Does this make sense? Please leave a comment to let us know how it goes.

Tell me what you think and continue the conversation.

’til next time Communicate With Power!

skip-weisman-professional speaker-small business championship coach

There are 4 comments. Add yours.

  1. Sharon Blanchard

    Skip,
    I had a direct experience earlier this year when my new boss asked that question of me and my team. I was a little surprised actually, but he had laid some groundwork that made us feel safe and open enough to comment. When he first started, he sent us an email outlining his perspective of the organization, and his objectives for developing processes and basically what he wanted to accomplish as a team. We participated in a 2-day workshop to develop a shared vision and goals and went to work. Six months later, we reconvened as a team, reflected back on our accomplishments and non-accomplishments, and he asked for feedback, “how am I doing”? Honestly, we stuttered a bit, but then once the ice broke, we had a great conversation and provided respectful feedback in the spirit of helping each other improve and grow.

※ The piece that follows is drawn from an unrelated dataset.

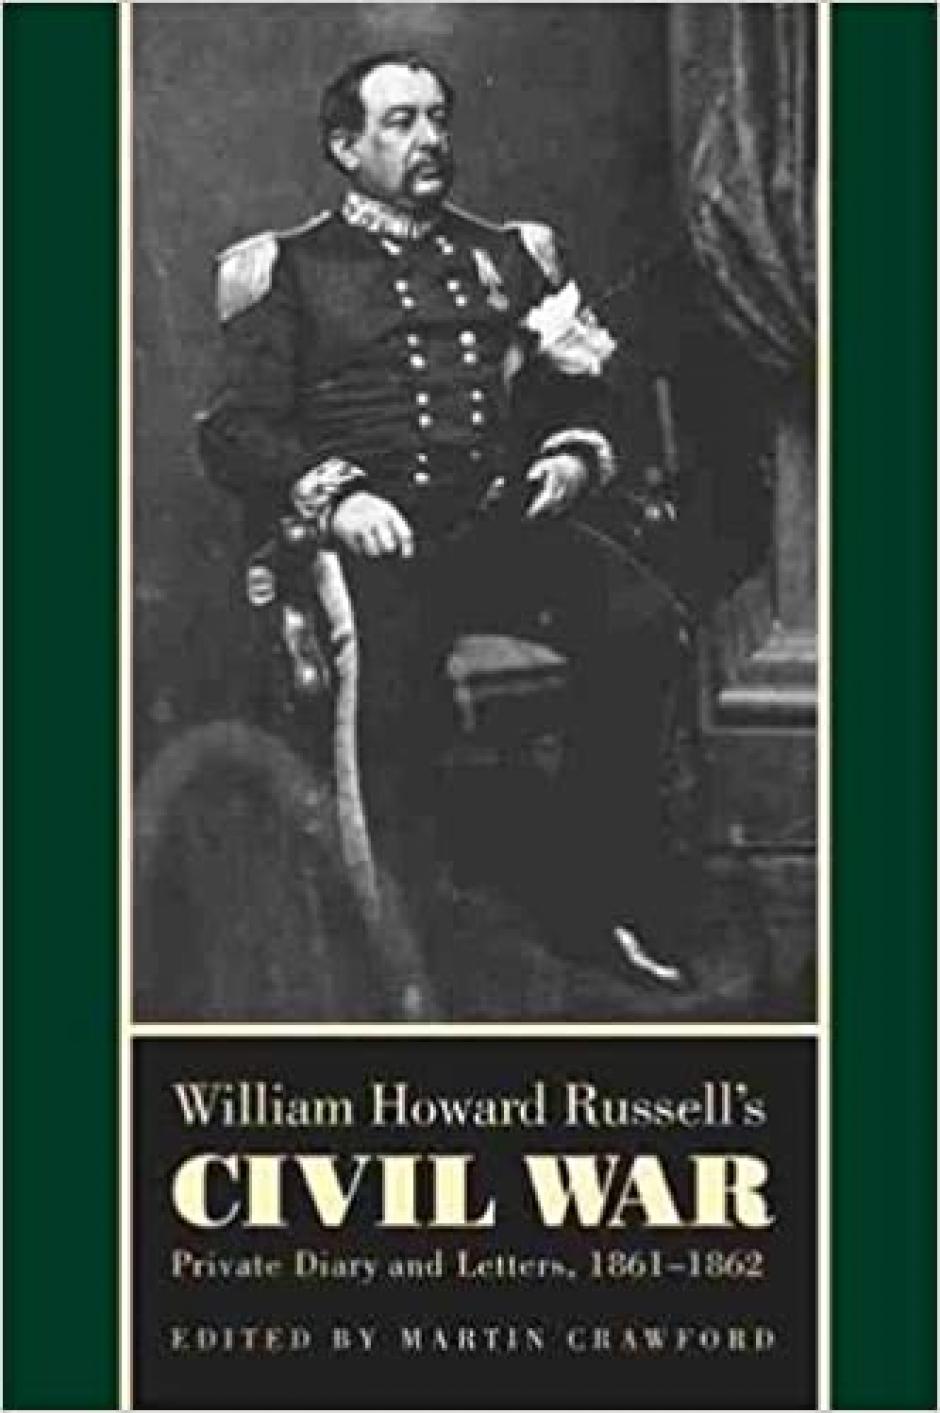 Tapa del libro de William Howard Russell sobre la guerra civil

    The results: Tremendous amounts of trust and respect. And, something I just now thought of, less need to appear perfect, and more freedom to ask for advice. Job satisfaction….through the ceiling….

    • Skip Weisman

      Sharon,
      WOW! Thanks for sharing your story here. That’s exactly what I’m talking about. The humility and transparency leads to authenticity that builds trust, respect and confidence in a leader from his or her team. That’s awesome, I’m so pleased you’ve found yourself working in such a positive environment.

      I look forward to learning more as your experience evolves.
      Skip

  2. Jay Hansen

    Thanks, Skip
    My experience was that the trust environment had to be worked every minute of every day. If the focus was on the mission (yes, I am retired military) or the “Why are we here?”, then there was a common basis for “How can we do this better?” and there was no need for structured evaluations or structured feedback because everyone knew how they were valued and we were motivating each other to achieve the common goal.
    Jay

    • Skip Weisman

      Jay,
      Thank you for sharing your experience here. Your suggestion is exactly what I’m speaking about. When you foster the right environment everyone is on board and the “evaluations” are on-going all the time. Everyone in the environment knows when things or someone is off kilter and it gets addressed at the first most appropriate time in the right way. In these situations often the team is so high functioning the team members take care of the issue promptly, directly and respectfully (“in the locker room,” to use a sports metaphor).

      I don’t think your reference to the military really matters, except as an example of what should be modeled. The same culture can be developed in any business, professional or even personal environment by doing the things you and Sharon are suggesting here.